According to the present invention, the differential pressure in the piping system is detected at a predetermined sampling interval, and when the detected differential pressure is lower than the first set pressure, the number of operating pumps is increased by one. , When the detected differential pressure is higher than the second set pressure, the number of operating pumps is reduced by one, so even if the number of operating pumps changes due to load fluctuations, the differential pressure applied to the load is reduced. It is possible to maintain the pressure between the first and second set pressures, and it is possible to reduce the fluctuation range of the differential pressure due to the fluctuation of the load.

[Brief description of drawings]

FIG. 1 is a block diagram showing a main configuration of an embodiment of the present invention.

FIG. 2 is an explanatory diagram showing the concept of differential pressure control in the embodiment shown in FIG.

FIG. 3 is a conceptual diagram showing an example of sampling intervals in the embodiment shown in FIG.

FIG. 4 is a system diagram showing an example of a piping system to which the present invention is applied.

FIG. 5 is an explanatory diagram showing a conceptual example of differential pressure control in the related art.

FIG. 6 is a block diagram showing a configuration example of a pump controller in a conventional technique.

FIG. 7 is a conceptual diagram showing an example of HQ characteristics of a general pump.

[Explanation of symbols]

1 heat source machine 2A, 2B, 2C air conditioning unit 3A, 3B,
3C stop valve 5A, 5B, 5C check valve 6A, 6B,
6C pump 7 pump controller 8A, 8B,
8C Piping system 9 Differential pressure gauge 701 Increasing comparator 702 Decreasing comparator 703 1st
AND circuit 704 Second AND circuit 705 Increment / decrement counter 706 Astable multivibrator 707 Operation switch 708 Control signal output unit

Claims (2)

[Claims] 1. A plurality of pumps for pumping a fluid, a first piping system connected to the plurality of pumps for carrying the fluid to a plurality of loads, and a plurality of the fluids passing through the plurality of loads. A plurality of pumps of a piping device including a second piping system that circulates through the pump and a differential pressure detection unit that detects a pressure difference between the fluids flowing through the first and second piping systems. In a pump controller that controls the start and stop based on the output of the pressure detecting means, when the output value of the differential pressure detecting means is compared with a first set value at a predetermined sampling interval, and the output value of the differential pressure detecting means is small. And a second set value larger than the first set value at the predetermined sampling interval to compare the output value of the differential pressure detecting means with the second set value which outputs a signal to the differential pressure detecting means.
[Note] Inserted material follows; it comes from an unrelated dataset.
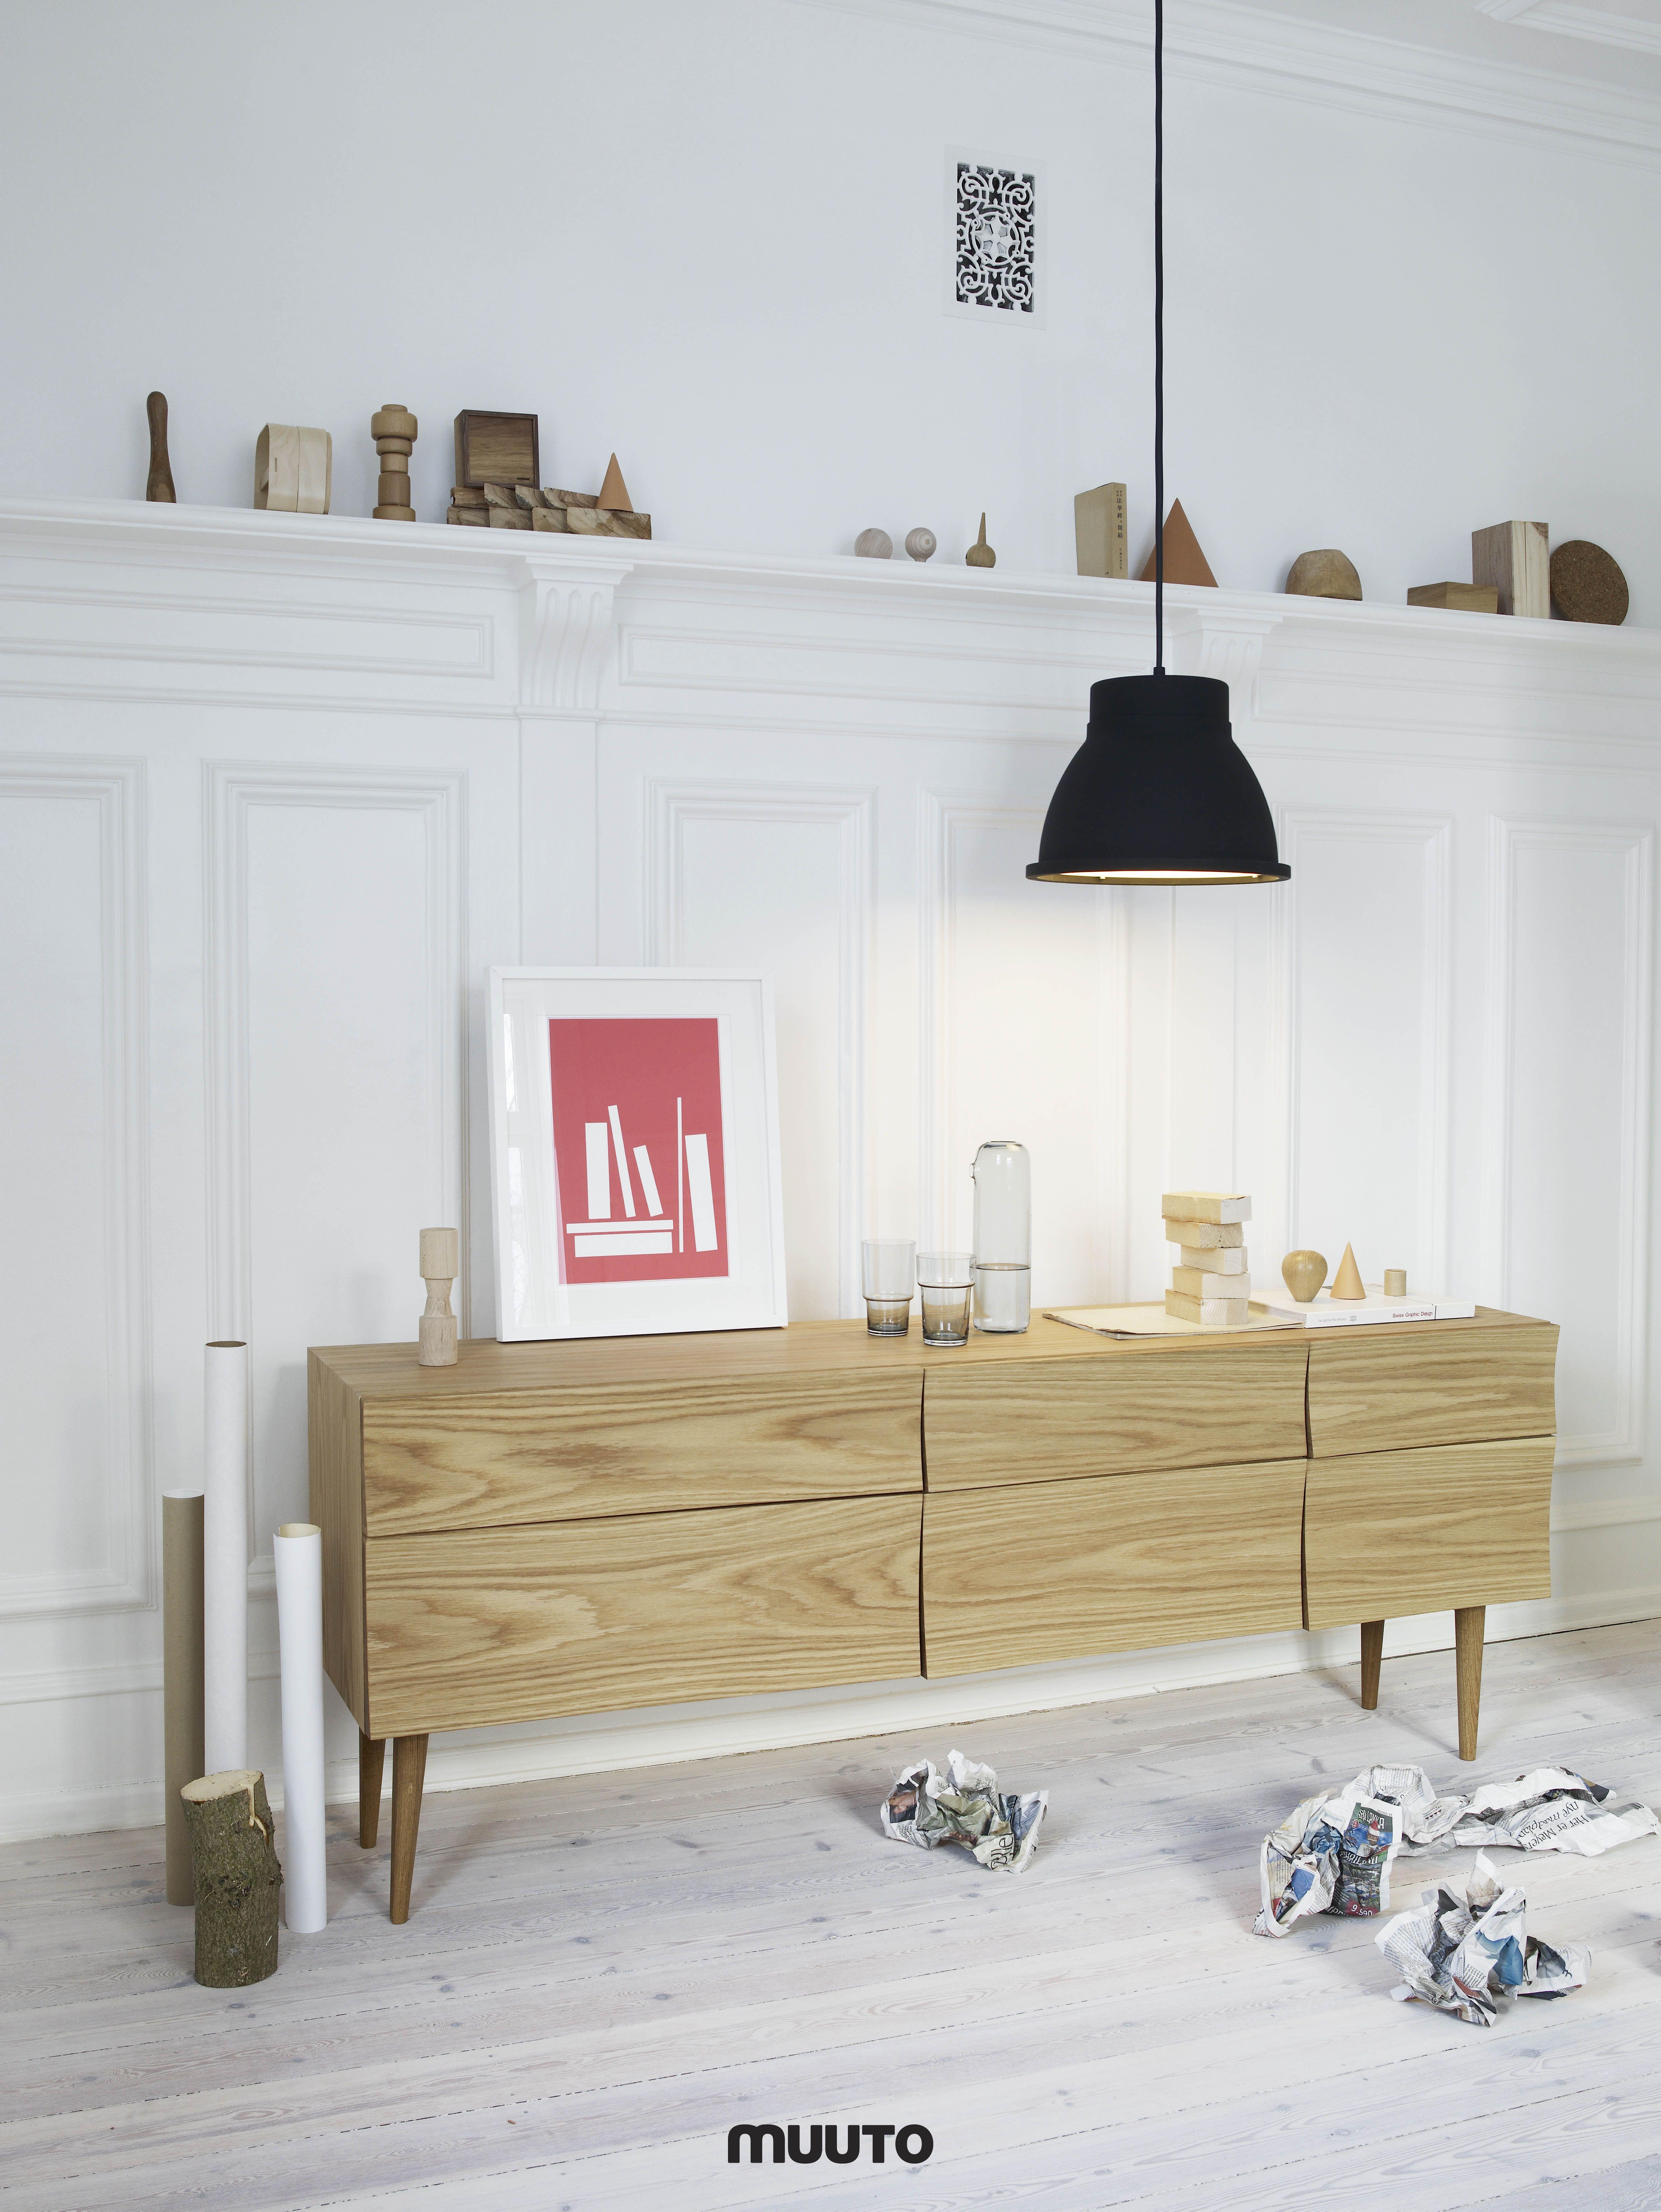 0d7619b2136ec3736c51d097c00a20fb Meilleur De De Meuble De Style Des Idées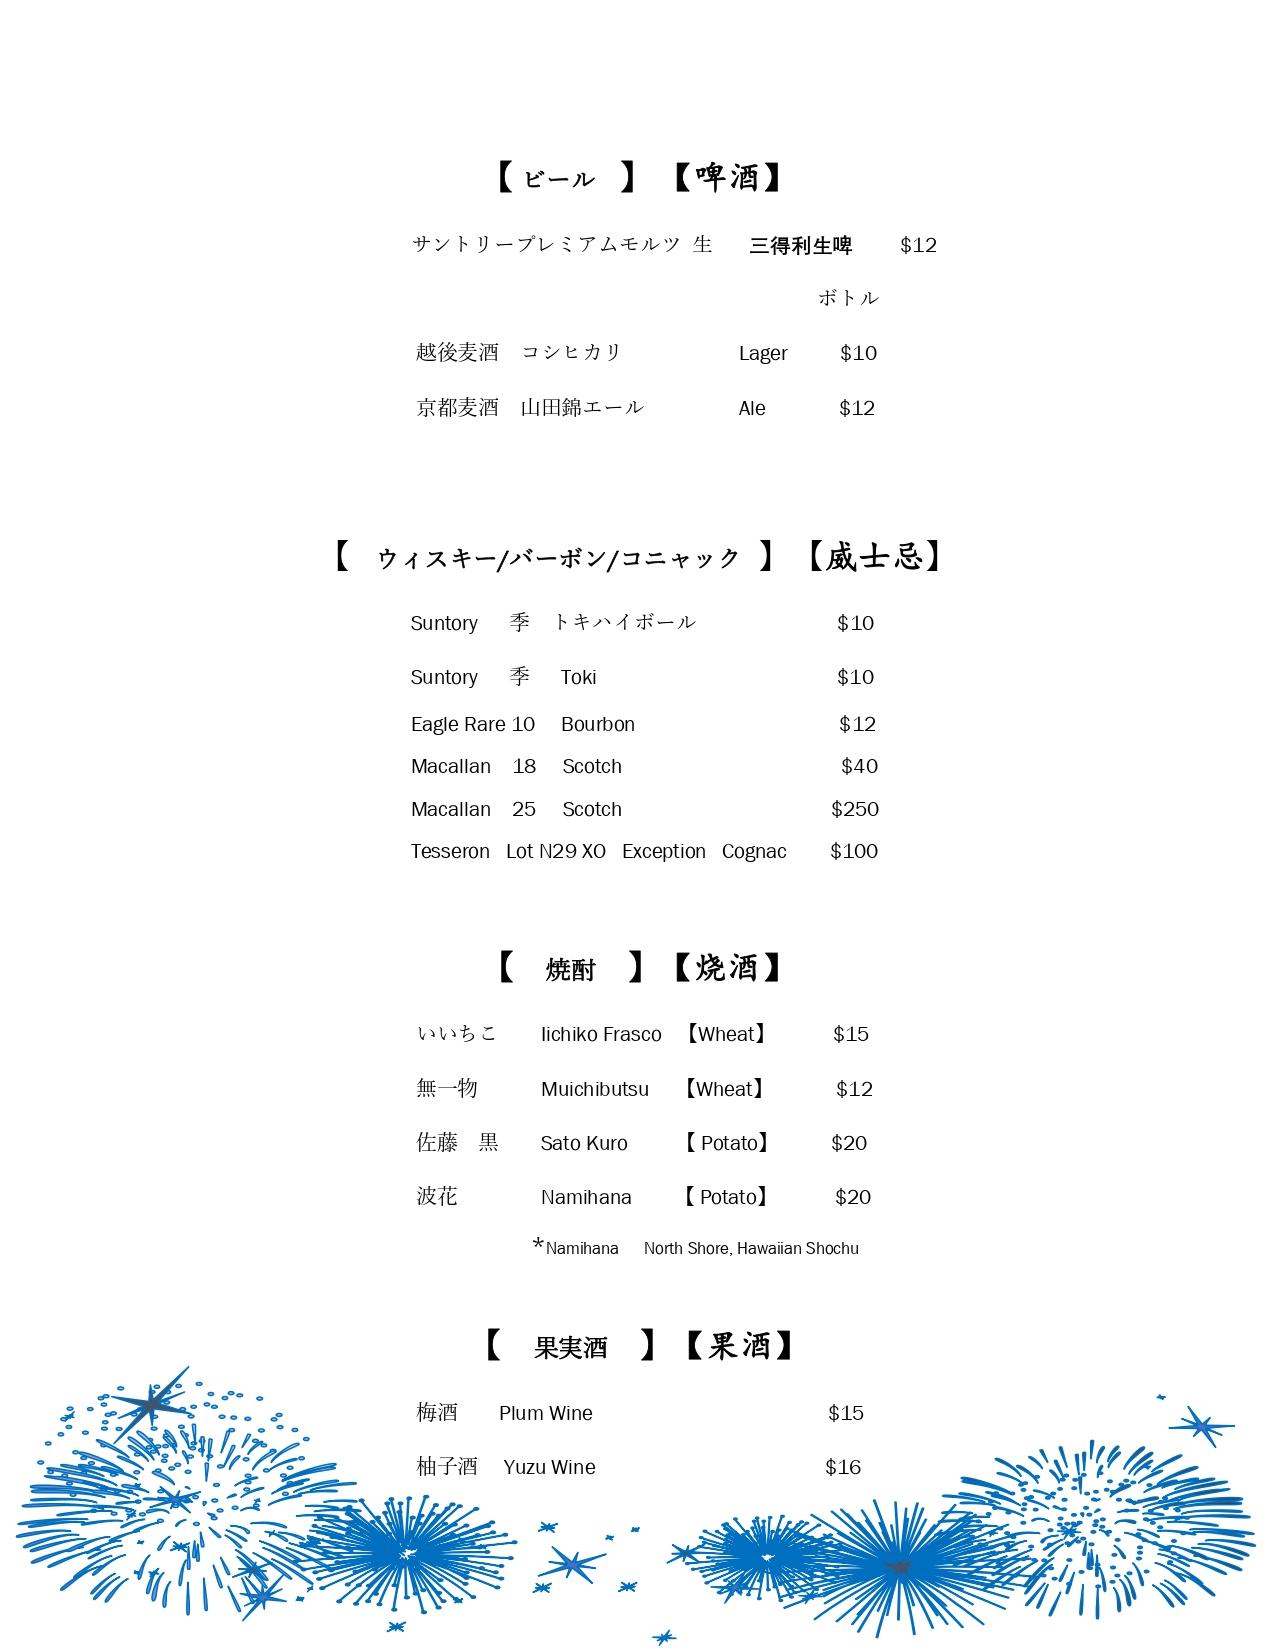 鉄板焼 [ハワイ店] ディナーメニュー4

Signal when the output value of Second comparing means for applying force, and the first
And a counter for increasing the set value by 1 when a signal is output from the comparing means, and decreasing the set value by 1 when the signal is output from the second comparing means, and a preset value for the set value of the counter. A pump controller, comprising control signal output means for outputting a signal for operating the pump corresponding to the number read out at intervals. 2. A pump controller for controlling start / stop of the pump of a cooling / heating system, wherein a heat medium heated and / or cooled by a heat source device is conveyed to a plurality of air conditioners by a plurality of pumps, the outlet header of the pump and the heat source device. Differential pressure detector that detects the differential pressure with the inlet header of the engine, a comparator that outputs a signal to increase the number of pumps that operate using the differential pressure value as an input, and a pump that operates using the differential pressure value as an input To output a signal for reducing one by one, an astable multivibrator that periodically generates a signal for validating the outputs of the two comparators, and a signal output from the two comparators. A pump controller that includes an increment / decrement counter that increases / decreases the number of pumps that are operating with a signal as an input.